Partnerships that work. Results that matter.

CT's Community Action Agencies (CAAs) are the federally-designated network of anti-poverty agencies in Connecticut. CT CAAs are foundational partners in CT’s Human Services infrastructure (HSI) and form a Results-based statewide service delivery system. With services benefiting more than 266,000 people annually, CT CAAs achieve positive results that change lives and strengthen communities.

Invest in Comprehensive Early Childhood Education for Low-Income Families

  • Expand proven programs and models (such as Head Start and Early Head Start) rather than spend precious state resources on new systems and bureaucracies. Research has shown that a holistic, family development approach to preschool education, parenting education and family literacy creates the best possible outcomes for low-income children. We need a comprehensive compensatory early education system that can truly close the achievement gap for poor children.
  1. Expand state Head Start and Early Head Start funding to serve more children over two years. Our proposed increase of $10 million over two years will allow us to provide needed teacher raises, create more full-day classrooms, serve children on the waiting list and expand Early Head Start services;
  2. Expanding Head Start is a cost-effective investment because the programs have comprehensive services and proven strategies already in place. Head Start provides education, developmental assessments, and strengthen parenting though home visits, parenting education, and individualized family partnership agreements that set goals for families and ensure access to other needed services and community resources; and
  • Focus new funds on enrolling children from families below 125% of FPL. Partner with Head Start providers to ensure that all available Head Start openings are filled so that low-income children and families can gain the benefits of Head Start. In order to close the achievement gap, these children and families need to be prioritized for high-quality, comprehensive programs like Head Start.
  1. Head Start also has a results-based system of accountability, with the necessary data systems already installed and reports outcome data through its national reporting system.
  • Provide adequate and equitable funding to ensure full-day high-quality programs for low wage working parents.
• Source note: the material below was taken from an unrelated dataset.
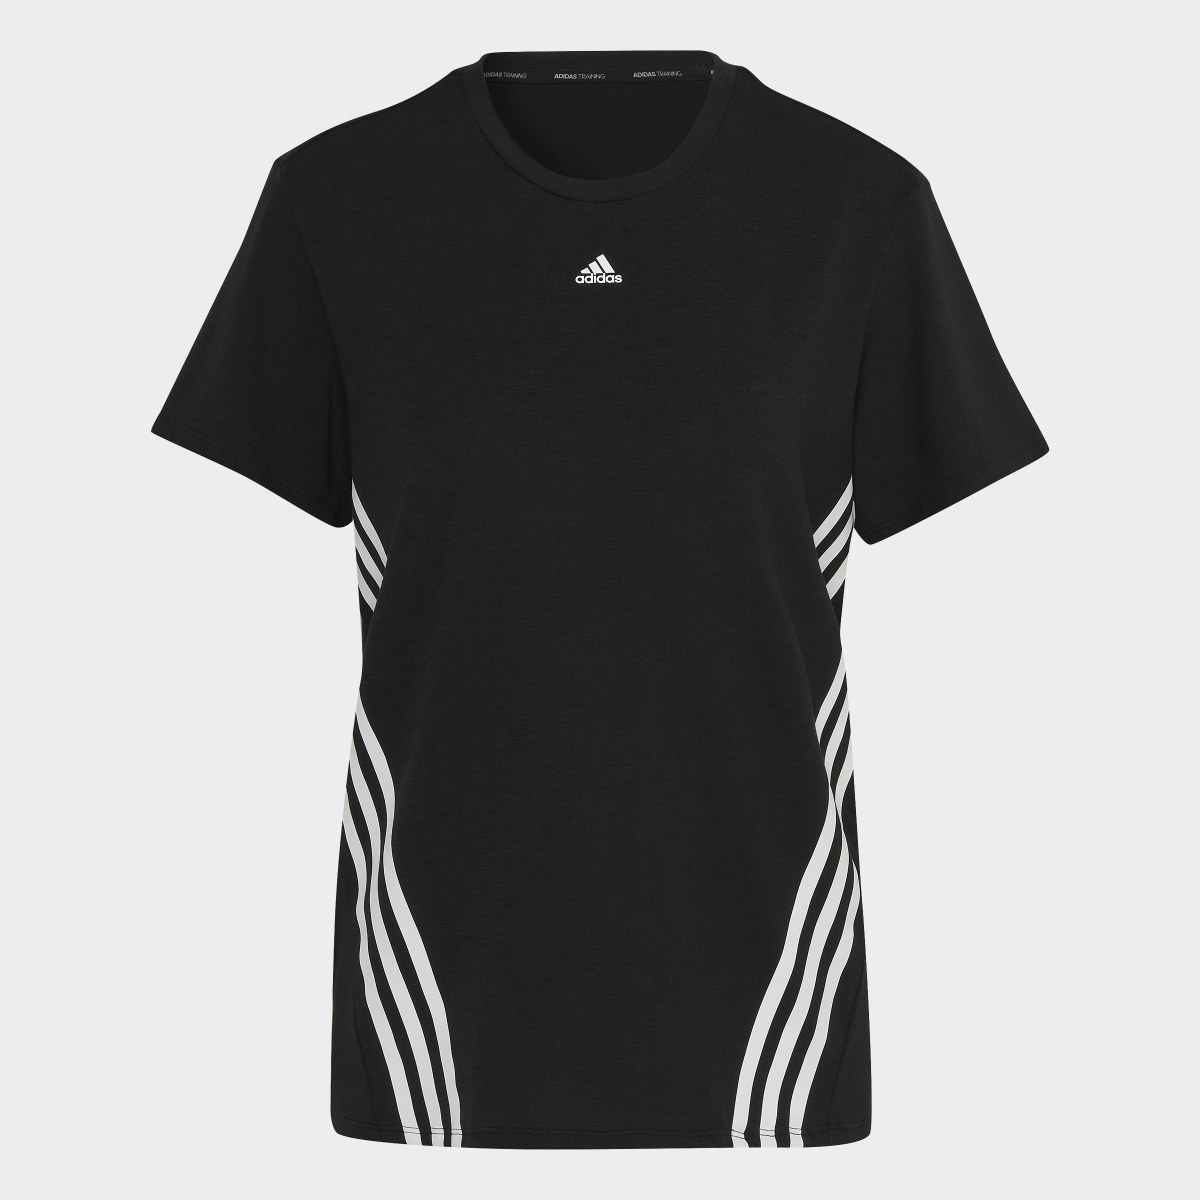 Adidas T-shirt Trainicons 3-Stripes. 6

Equitable and adequate funding for all of the state’s publicly funded preschool programs (DSS Child Development Centers, School Readiness and state Head Start), is needed to provide full day programs that properly prepare children for school success.
  • Equalize the rates between Head Start, DSS Child Development Centers and School Readiness Programs. These programs have unequal reimbursement rates, yet both must meet the same high standards. This disparity creates program deficits, prevents increased teacher salaries, causes teacher vacancies, and is causing a crisis in CT’s ECE centers.
  • Increase reimbursement rates and full-day/full-year programs. Provide adequate and equitable funding to ensure high quality teachers and full-day/full-year programs for low-income working parents, which research documents is what works to close the achievement gap.

Why Head Start and Early Head Start Works

The success of Head Start and Early Head Start is explained by the vast amount of research conducted on both programs. Head Start and Early Head Start are both two-generation programs that serve children and parents. Head Start and Early Head Start seek to promote positive development in children by providing services to the children, supporting parents in their parenting, and promoting the family’s self-sufficiency and healthy functioning by providing access to education and job-training activities and health services.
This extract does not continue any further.